Not Cease from Exploration

Saturday, August 9, 2014

6 Reasons Why Boycotting Scranton is a Truly Dumb Idea

Before I even start this I will note the following:
  • While I have spent most of my life in Scranton, I am no longer a resident.  My last day as a resident was December 13, 2013.
  • While my employer has a Scranton mailing address, it is not actually (mostly) located in Scranton, therefore I will not be subject the commuter tax.
Based on the above, I don't have a financial stake in the recently enacted Scranton commuter tax.  I do, however, have an opinion about it.  More precisely, the tax is simply a really, really bad idea; here's just one reason of many:  it's referred to as a temporary tax, but yet it will never be able to accomplish its goal, namely fully funding public safety pension plans.  So much for "temporary".

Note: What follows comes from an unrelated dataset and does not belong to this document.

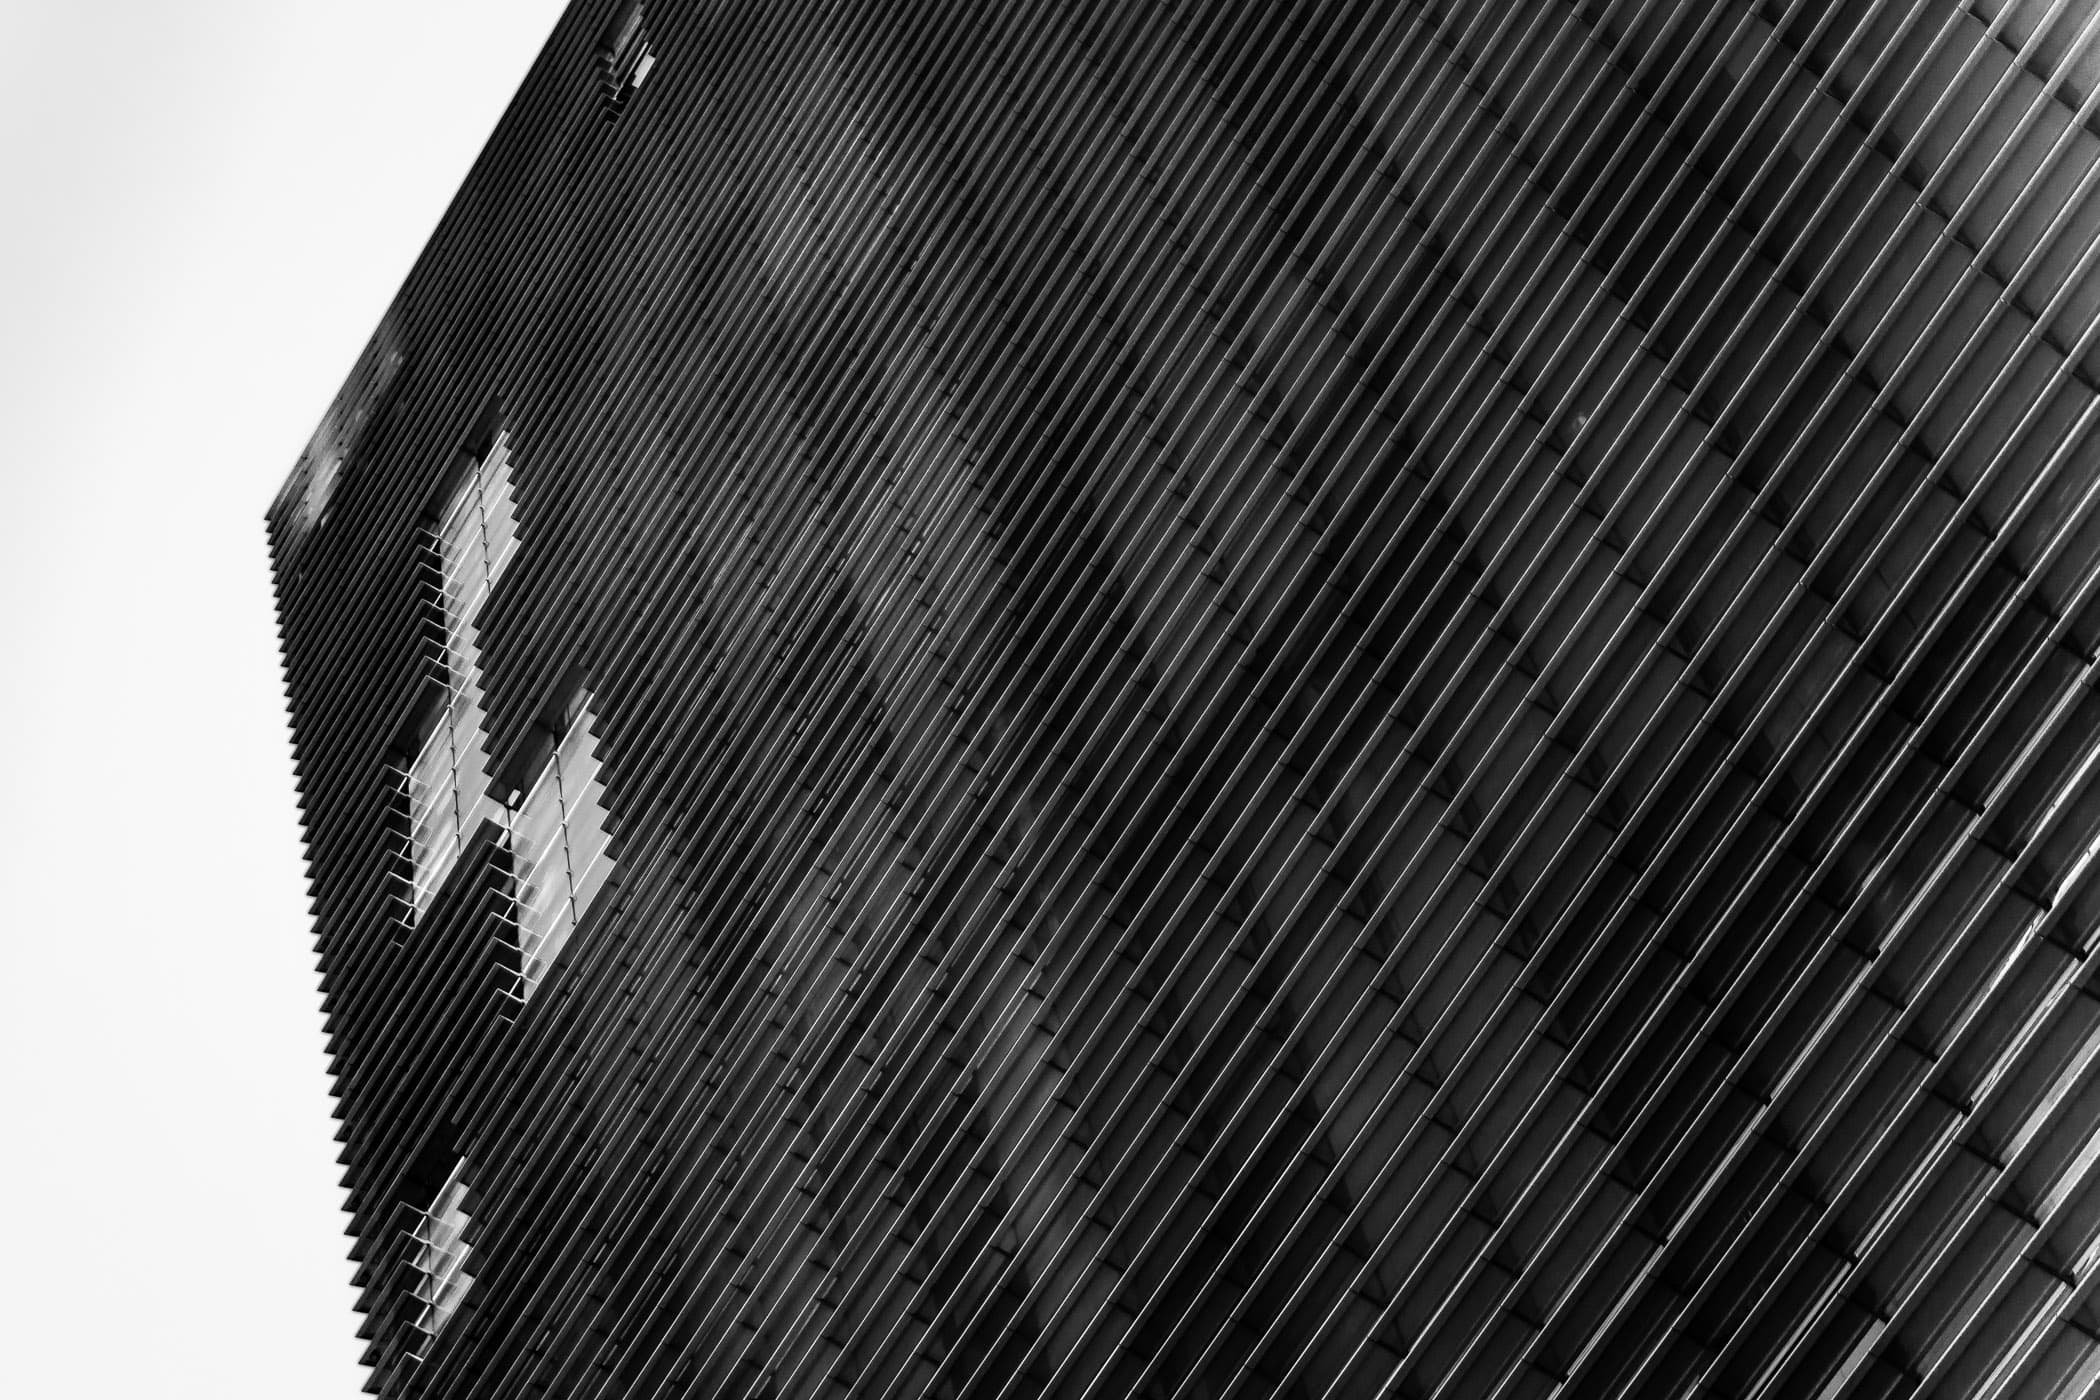 Exterior detail of the one of the Veer Towers, CityCenter, Las Vegas.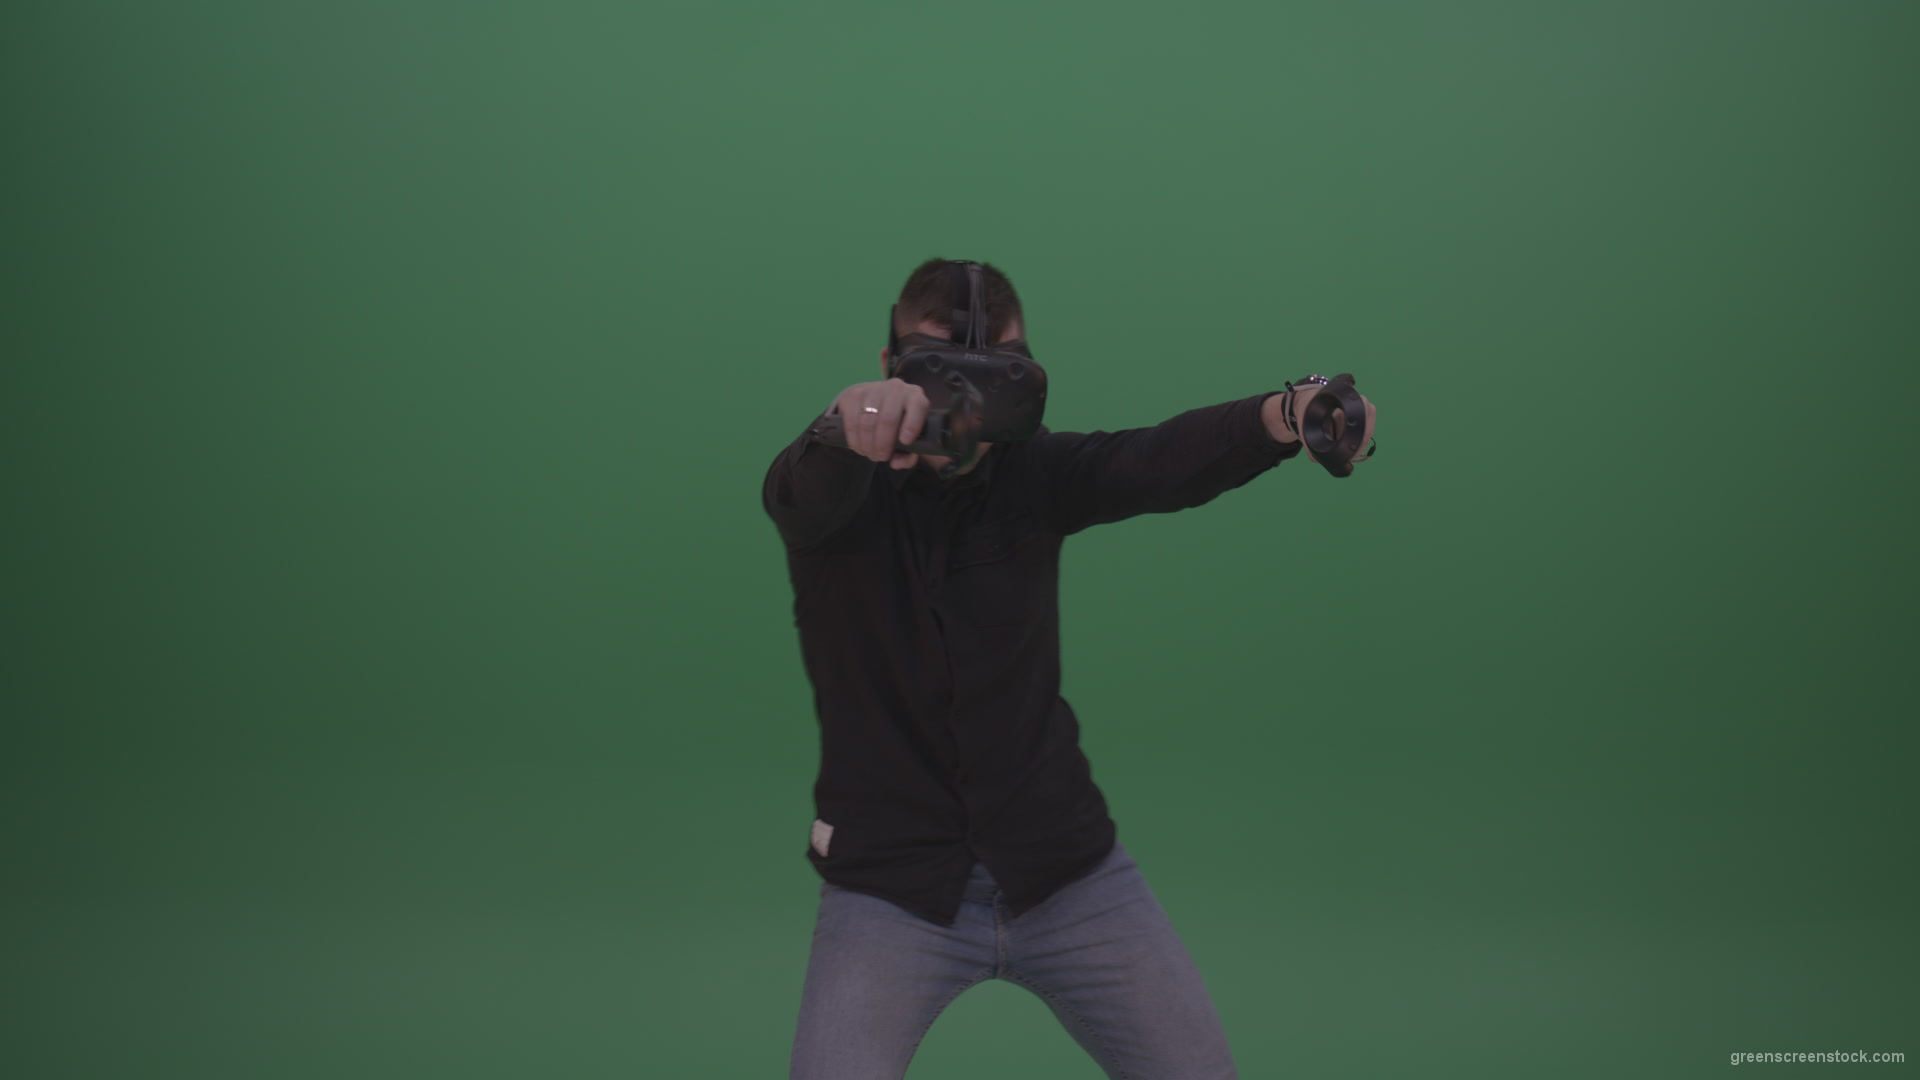 Young_Dangerous_Brunette_Man_Wearing_Black_Shirt_Shooting_Enemies_All_Around_In_Virtual_Reality_Glasses_Green_Screen_Wall_Background_008 Green Screen Stock

Anyway, while I don't agree with the tax, boycotting business based in Scranton as some form of retribution is at best ill-conceived, at worst it's just plan stupid.  Here are my six reasons why.

Reason 1 - It will actually increase the need for the commuter tax.
If Scranton businesses are harmed by the boycott, they will end up paying less in taxes (business revenue down, tax revenue down).  This will make the need for commuter tax even greater.

Reason 2 - It harms the wrong people.
If someone wants to target a business and also have a direct impact on Scranton tax policy I have two suggestions:  Wayne Evans' real estate business and Bill Courtright's martial arts studio.   Those are two individuals who can help make tax policy for Scranton.  "Joe and Peg's Coffee Shop and Gunsmith"?  Not so much.  Joe and Peg have nothing to do with the commuter tax.  Heck, Joe and Peg probably think the commuter tax is load of rubbish too, but they are currently too busy paying their city tax on gross receipts to whine about it.

Reason 3 - It's unworkable.
Will a Dunmore resident who is having a heart attack refuse to be sent to Geisinger Community Medical Center for treatment because it is located in Scranton?  I don't think so.  How many commuters will end trusted professional relationships with city doctors, dentists, lawyers and accountants?  I'm thinking the answer is somewhere between "none" and "very few".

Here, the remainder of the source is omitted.